• Records shown
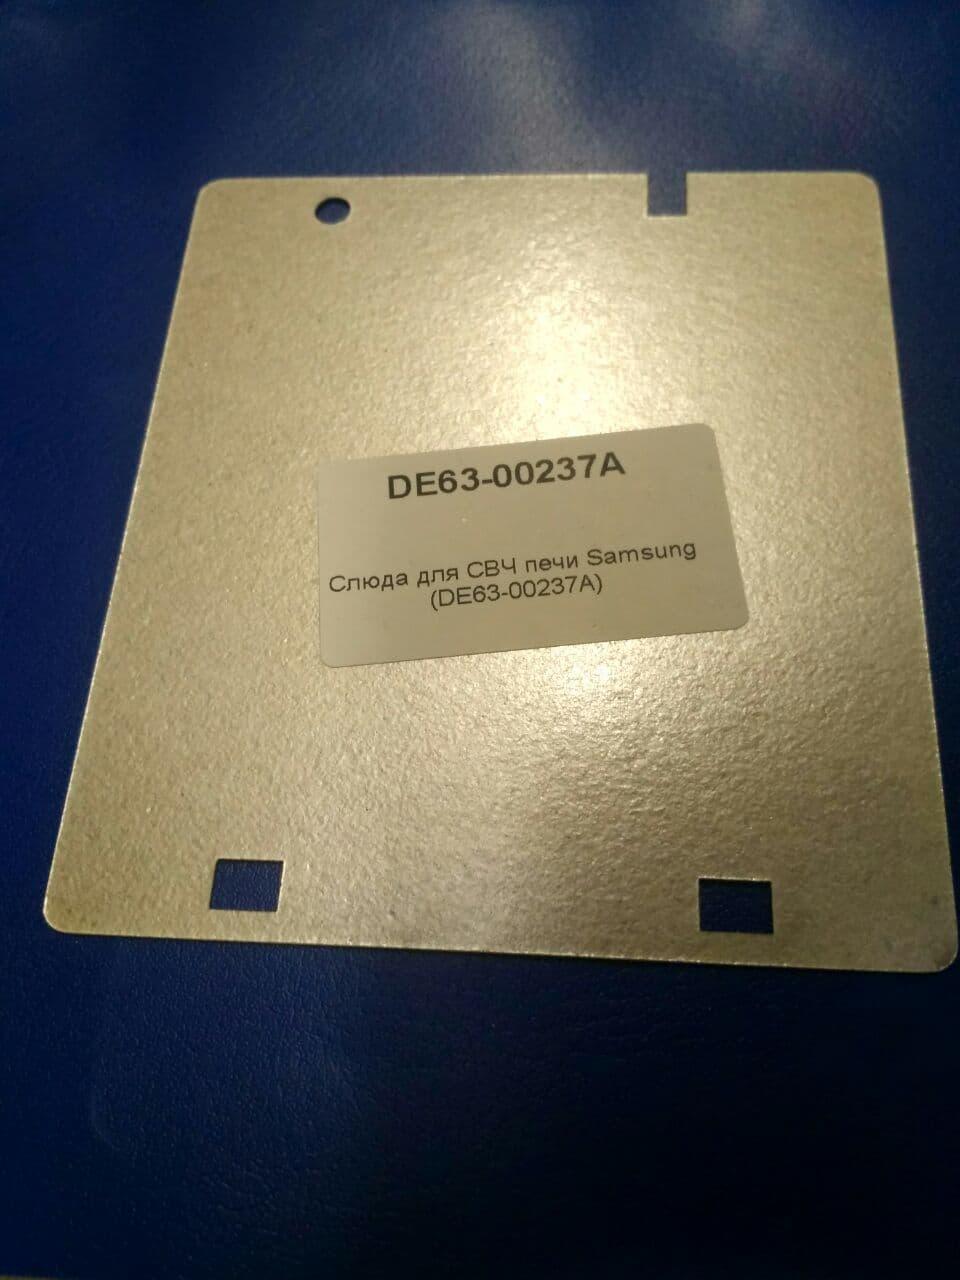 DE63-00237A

...

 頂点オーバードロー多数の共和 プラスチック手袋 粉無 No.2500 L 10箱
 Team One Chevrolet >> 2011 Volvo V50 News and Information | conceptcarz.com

...

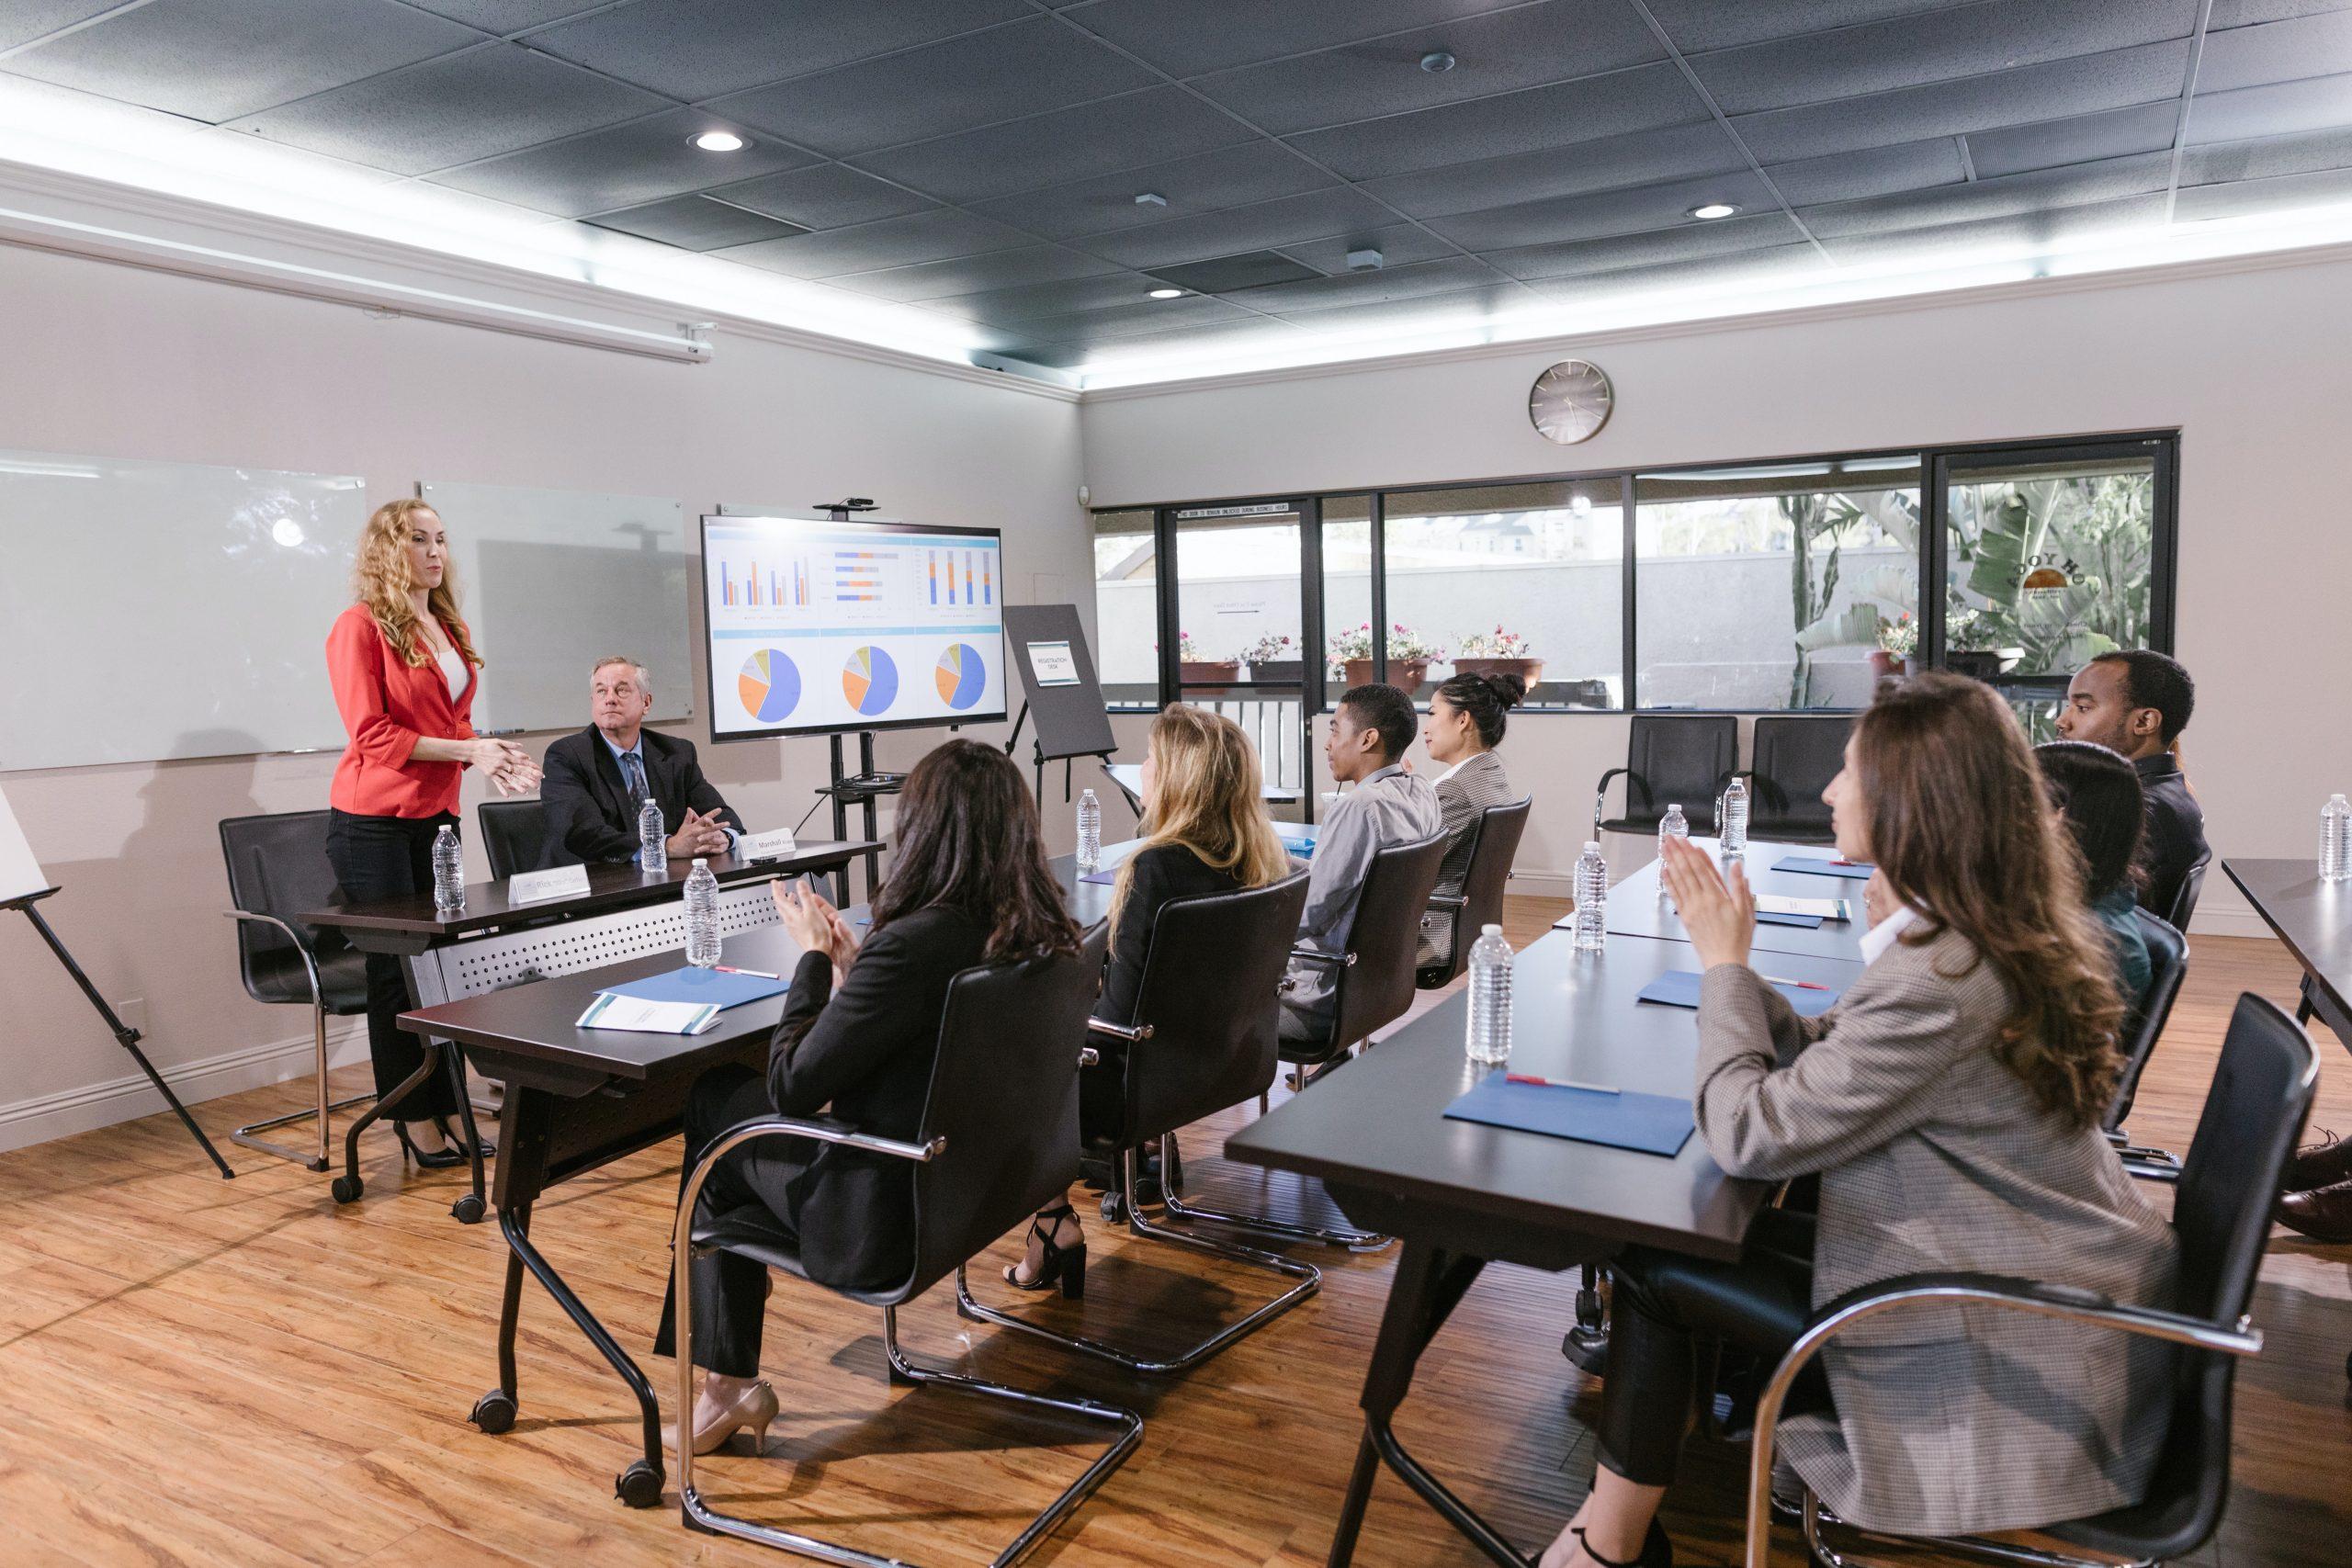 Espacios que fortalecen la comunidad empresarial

• What is being asked
Precisely the lines between those holding "頂点オーバードロー多数の共和 プラスチック手袋 粉無 No.2500 L 10箱" and "Team One Chevrolet", inclusive, are to be reproduced from the listing above, with nothing added.

• Solution
 頂点オーバードロー多数の共和 プラスチック手袋 粉無 No.2500 L 10箱
 Team One Chevrolet >> 2011 Volvo V50 News and Information | conceptcarz.com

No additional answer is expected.